**WHAT THIS TASK INVOLVES:** Below is a listing with pictures. Repeat exactly the lines starting at the one holding "Next Debate Will" and going on through the one holding "The Little Book Of Gin Tips", and leave every picture out.

**DATASET RECORDS:**
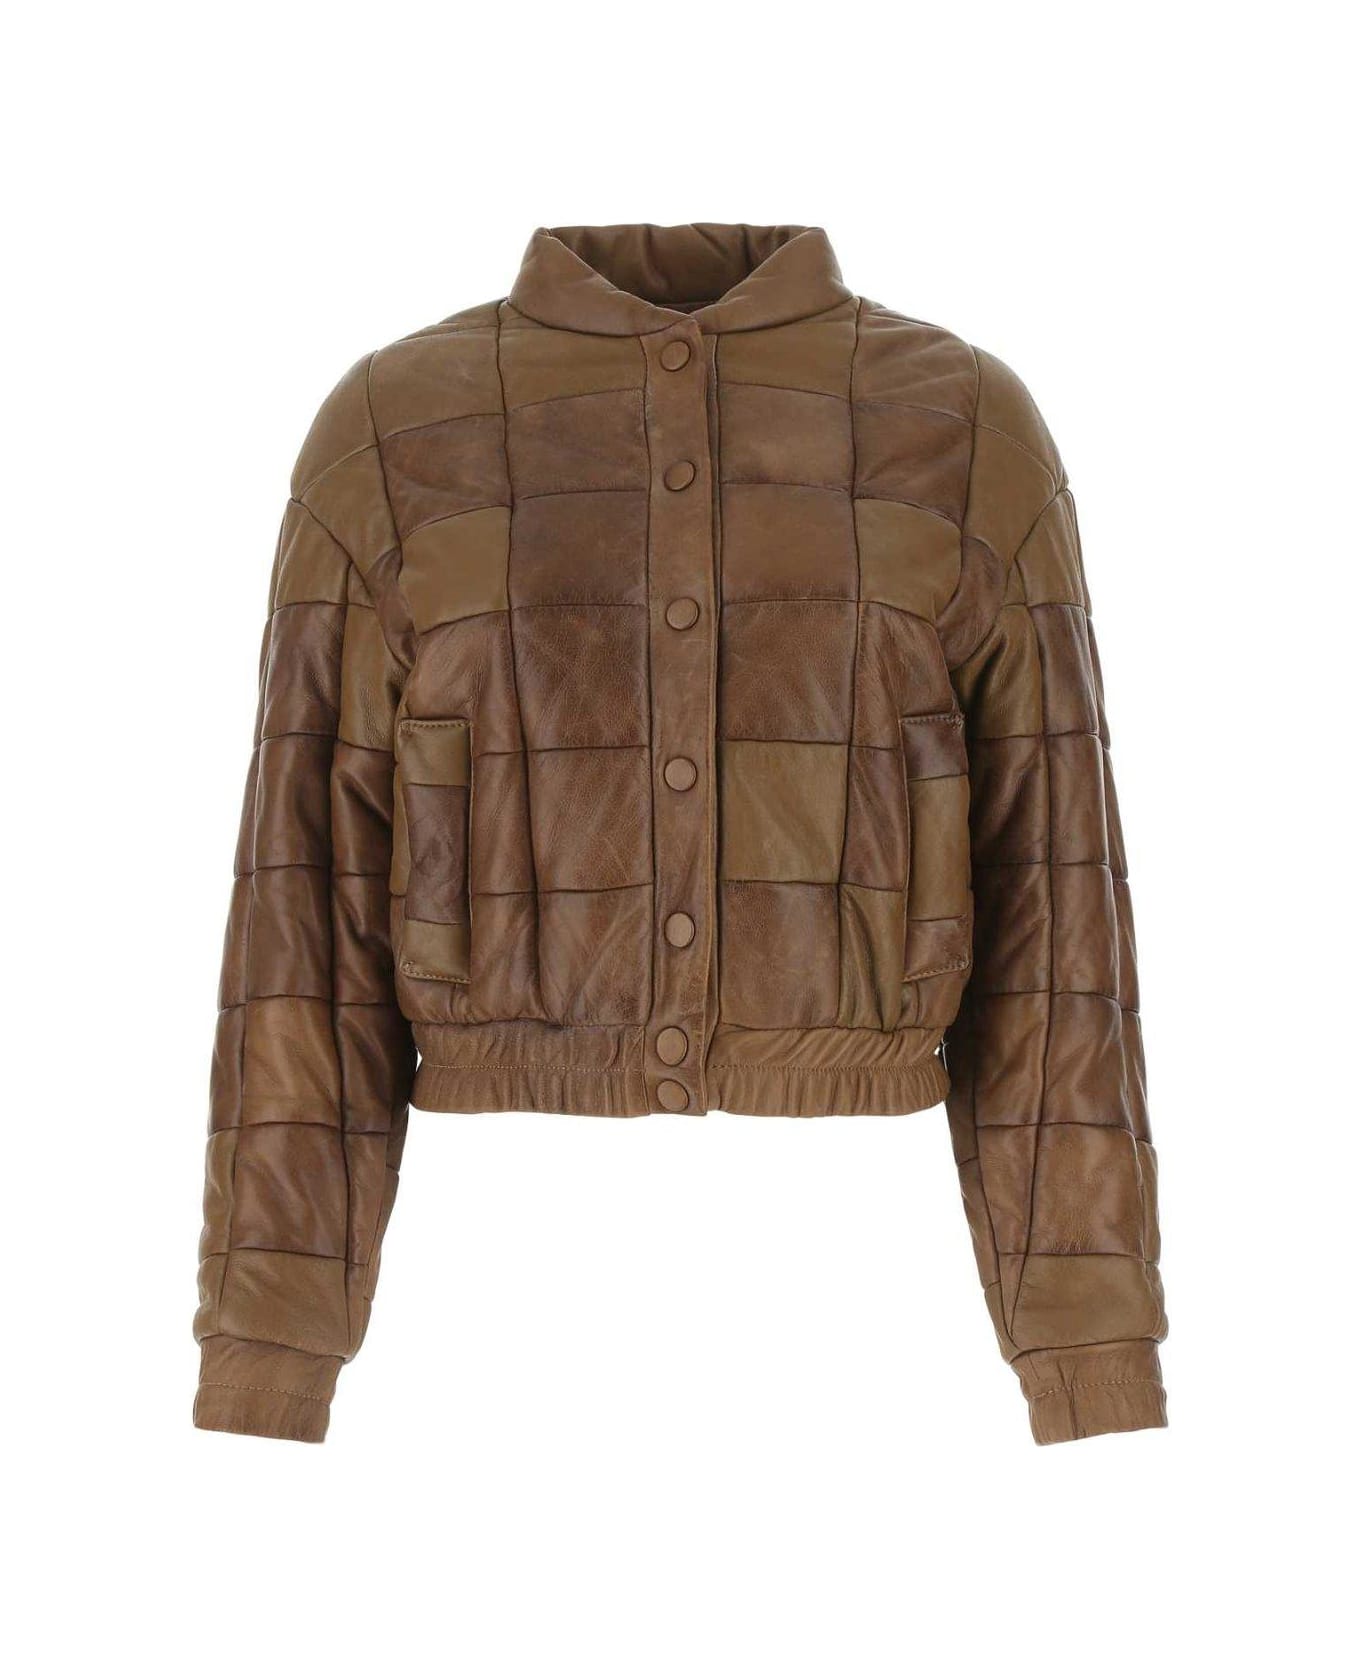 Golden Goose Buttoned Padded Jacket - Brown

...

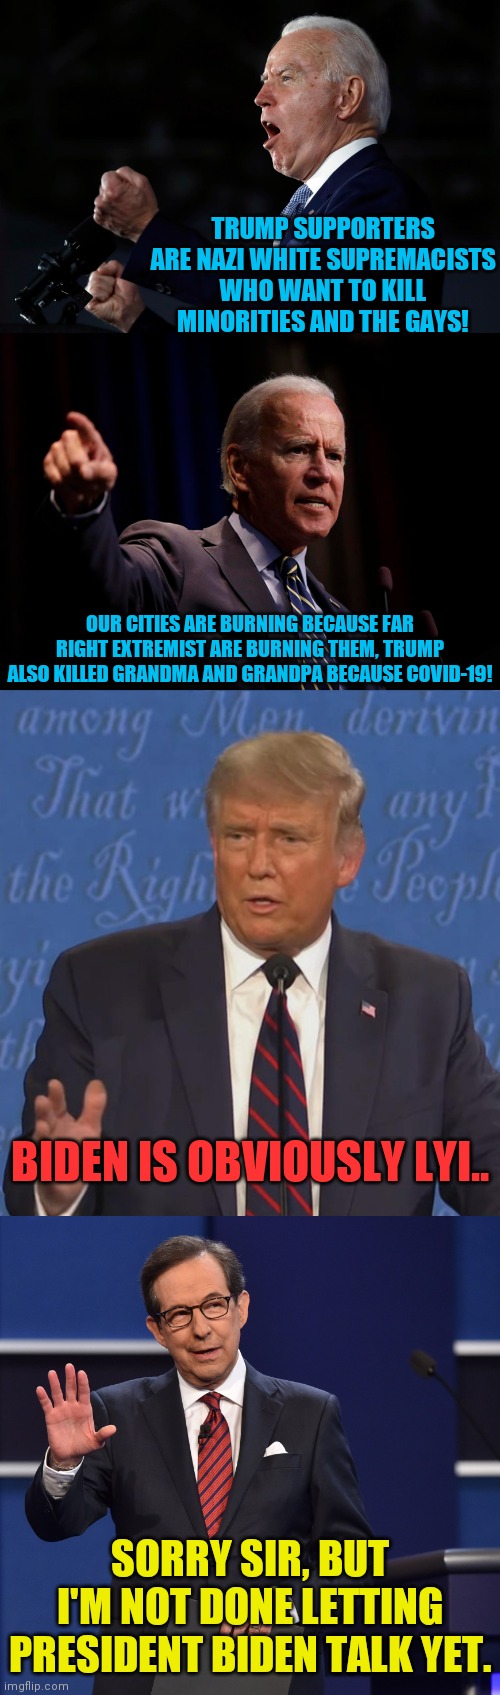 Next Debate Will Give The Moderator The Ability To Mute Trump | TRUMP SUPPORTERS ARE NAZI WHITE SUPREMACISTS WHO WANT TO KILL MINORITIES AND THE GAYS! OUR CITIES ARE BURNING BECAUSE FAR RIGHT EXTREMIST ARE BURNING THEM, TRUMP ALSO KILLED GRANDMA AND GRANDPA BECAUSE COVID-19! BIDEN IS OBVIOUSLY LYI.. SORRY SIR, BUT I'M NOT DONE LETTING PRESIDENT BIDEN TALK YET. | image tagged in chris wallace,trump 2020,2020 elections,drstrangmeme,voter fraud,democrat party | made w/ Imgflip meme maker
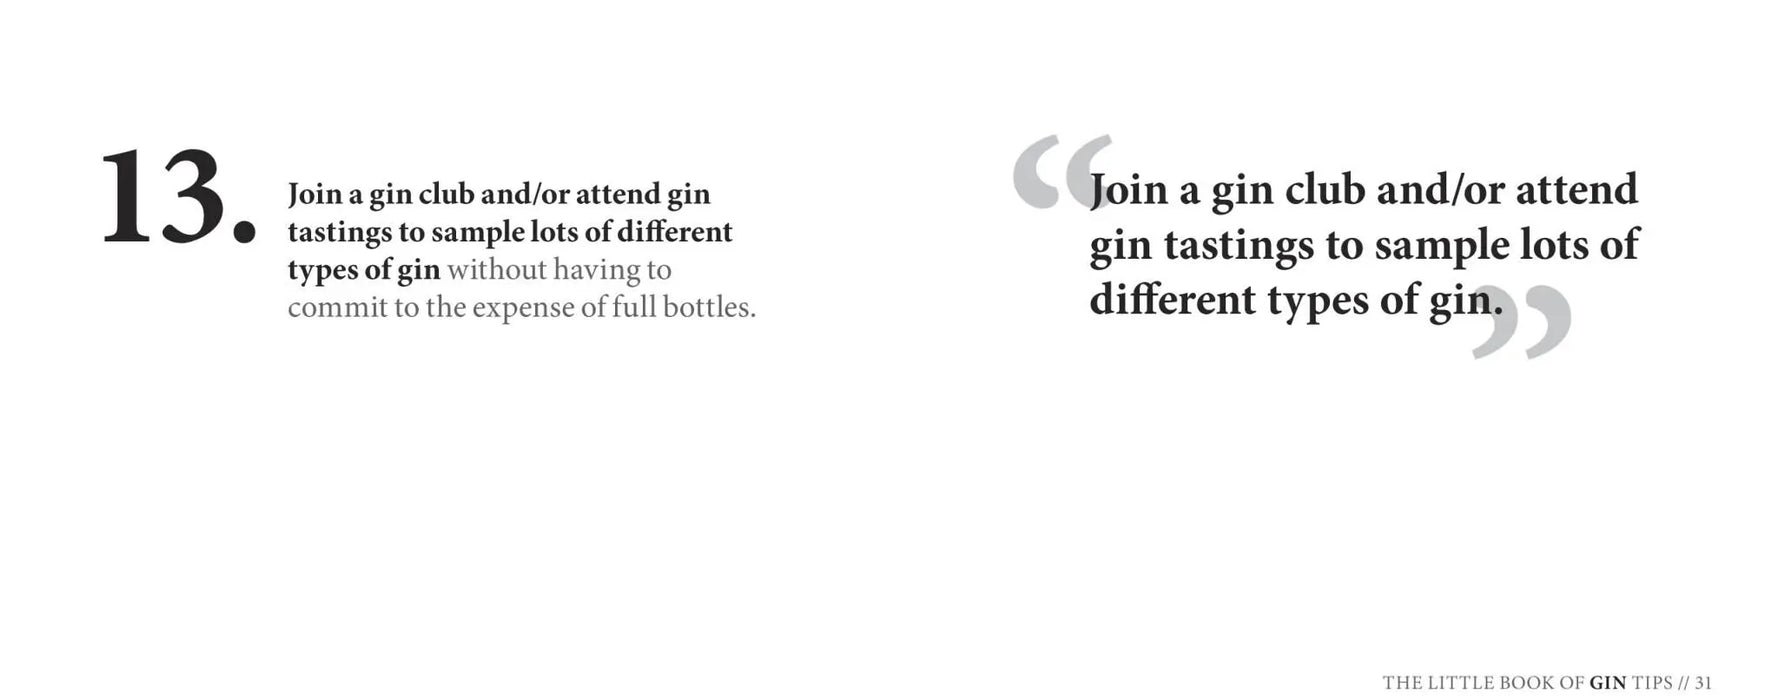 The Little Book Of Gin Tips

**ANSWER TO THE EXERCISE:**
 Next Debate Will Give The Moderator The Ability To Mute Trump | TRUMP SUPPORTERS ARE NAZI WHITE SUPREMACISTS WHO WANT TO KILL MINORITIES AND THE GAYS! OUR CITIES ARE BURNING BECAUSE FAR RIGHT EXTREMIST ARE BURNING THEM, TRUMP ALSO KILLED GRANDMA AND GRANDPA BECAUSE COVID-19! BIDEN IS OBVIOUSLY LYI.. SORRY SIR, BUT I'M NOT DONE LETTING PRESIDENT BIDEN TALK YET. | image tagged in chris wallace,trump 2020,2020 elections,drstrangmeme,voter fraud,democrat party | made w/ Imgflip meme maker
 The Little Book Of Gin Tips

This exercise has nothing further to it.